Stock market sellers might be realizing capital gains without having a specific tax plan for the increase they just realized.
Without a doubt, the sell-off on Wall Street is painful. But, Reid Thomas, executive vice president of NES Financial, an Opportunity Zone fund administrator, thinks it could ultimately be a driver of Opportunity Zone investments.
“The market has been going up for so many years,” Thomas says. “I presume people are selling at a gain, or a significant portion of it is being sold at a gain.”
Thomas says many sellers might be realizing capital gains without having a specific tax plan for the profits they just realized.
“Presumably, there has been a creation of a big, one-time capital gains event that hasn’t happened in a long, long time,” he says. “So, you have people who probably sold without a plan in place to deal with capital gains taxes.”
Opportunity Zones, which give investors up to 180 days to invest in a fund to defer capital gains tax, will have an appeal to these investors. “You can take your gain, and then you have 180 days from the date that gain is realized to invest it into a fund,” Thomas says. “Right now, it’s chaos. People are selling and building up cash.
Eventually, things are going to come down, and investors are going trying to decide what to do and what markets they should be invested in.”
For Opportunity Zones that could represent a spike in investment later in the summer. “The big market sell-offs started in February and are continuing in March,” Thomas says. “One hundred and eighty days from then puts us in the August or September timeframe.”
As the COVID-19 creates global economic uncertainty and fears of a recession, Thomas argues that countercyclical investments might become more attractive.
“If the economy goes south, which all indications are that’s the way it’s headed, then people might be more open to long-term countercyclical and safer investments,” he says. “Things that tend to be countercyclical, such as affordable housing or assisted living facilities, are well suited for Opportunity Zones. They have less downside than say a Ritz Carlton in New York, but they also have less upside.”

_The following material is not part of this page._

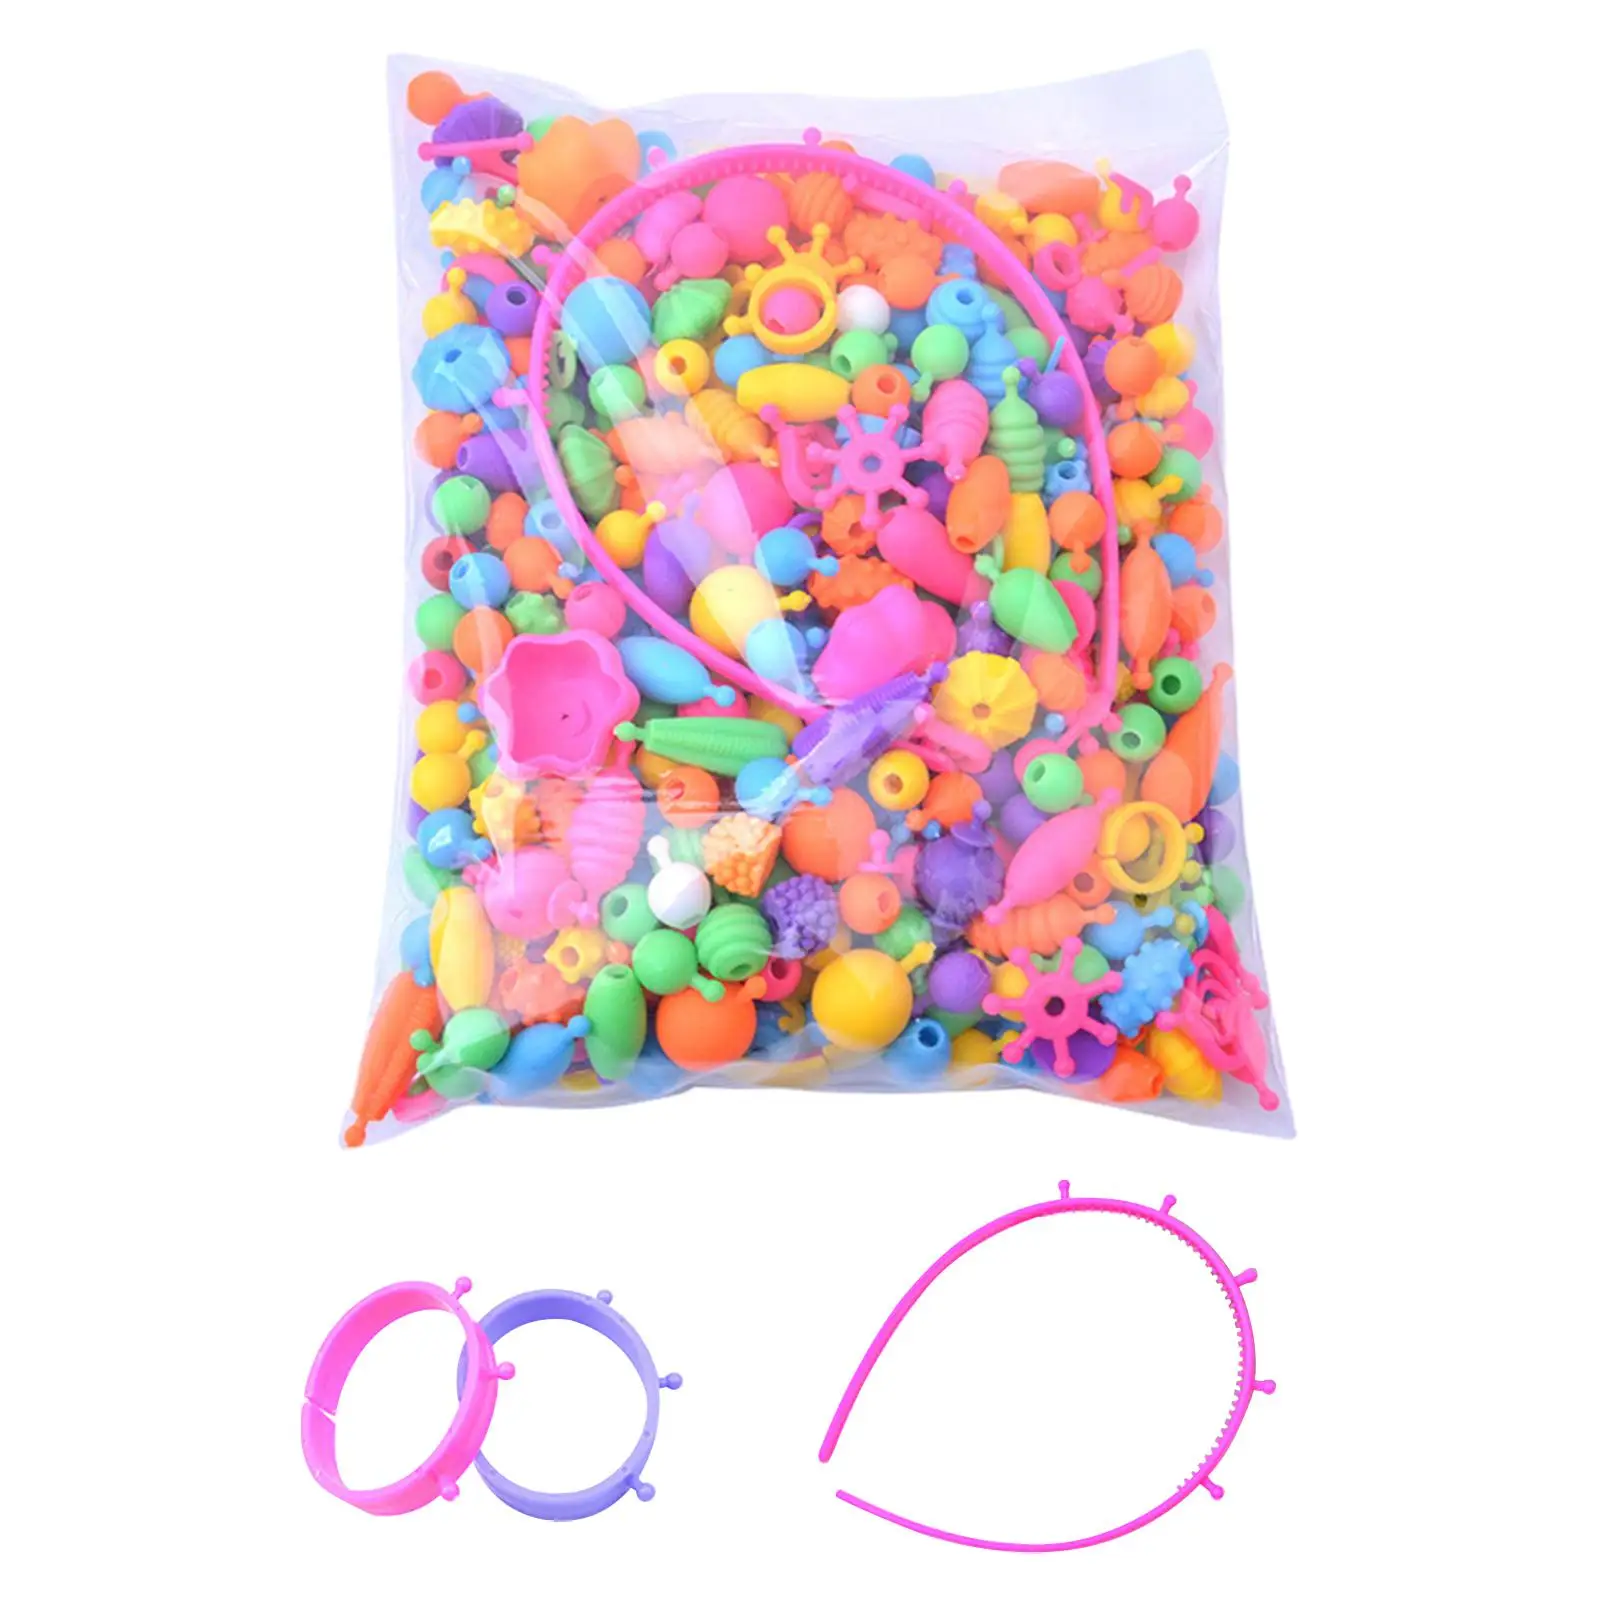 Beads Kids DIY Jewelry Making Kit Arts Toys Crafts Supplies Snap Together Beads for Earrings Hairband Necklace Gift Girls
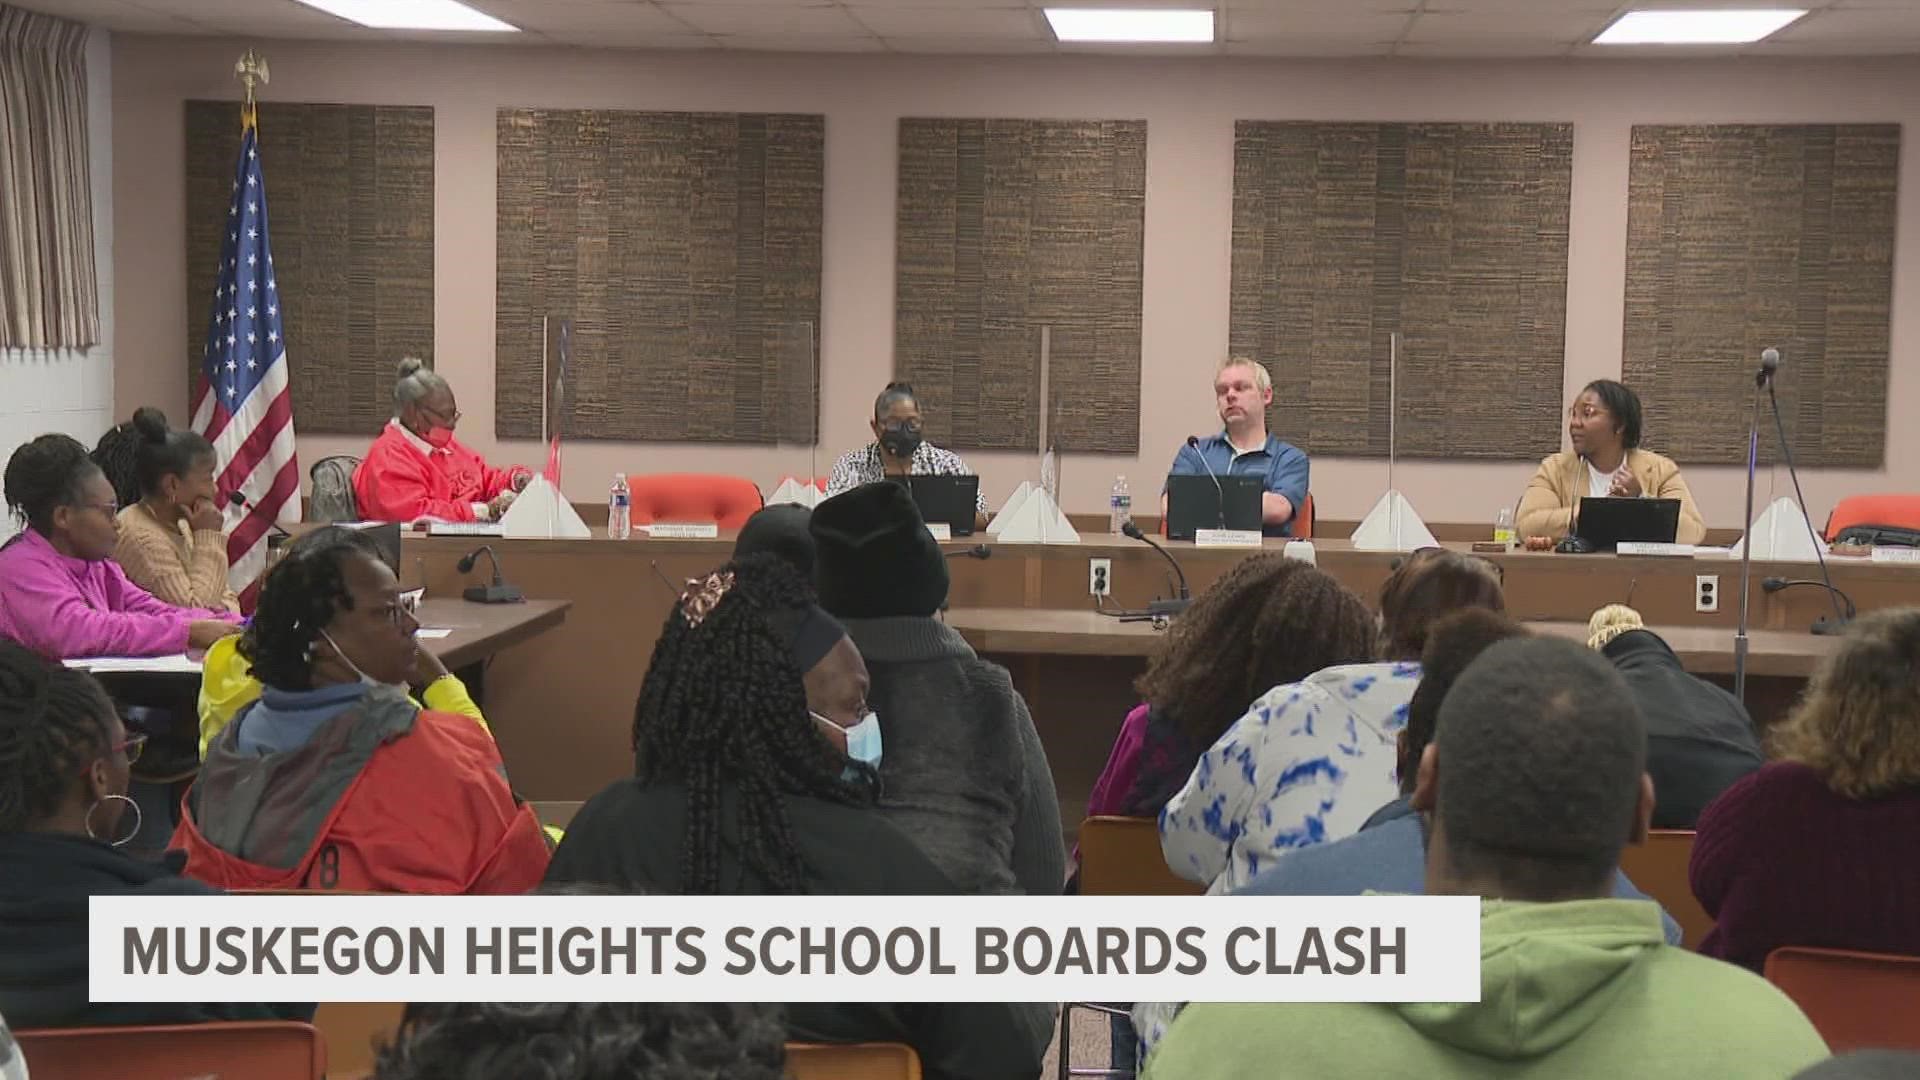 For the second night in a row, it was standing room only as Muskegon Heights school leaders met to discuss ongoing complaints in the district.

One counter argument to this theory is that investors seek safety in times of distress, and Opportunity Zones are in more up and coming areas, which aren’t always safe.
But if a tax deferral strategy is a priority for the investor, Thomas says Opportunity Zones make sense.
“Given that there are 8,700 Opportunity Zones, there is a potential for a wide range of alternatives that provide different levels of safety,” Thomas says. “The types of asset classes that are well suited for Opportunity Zones [or up and coming areas] tend to provide downside protection risk.”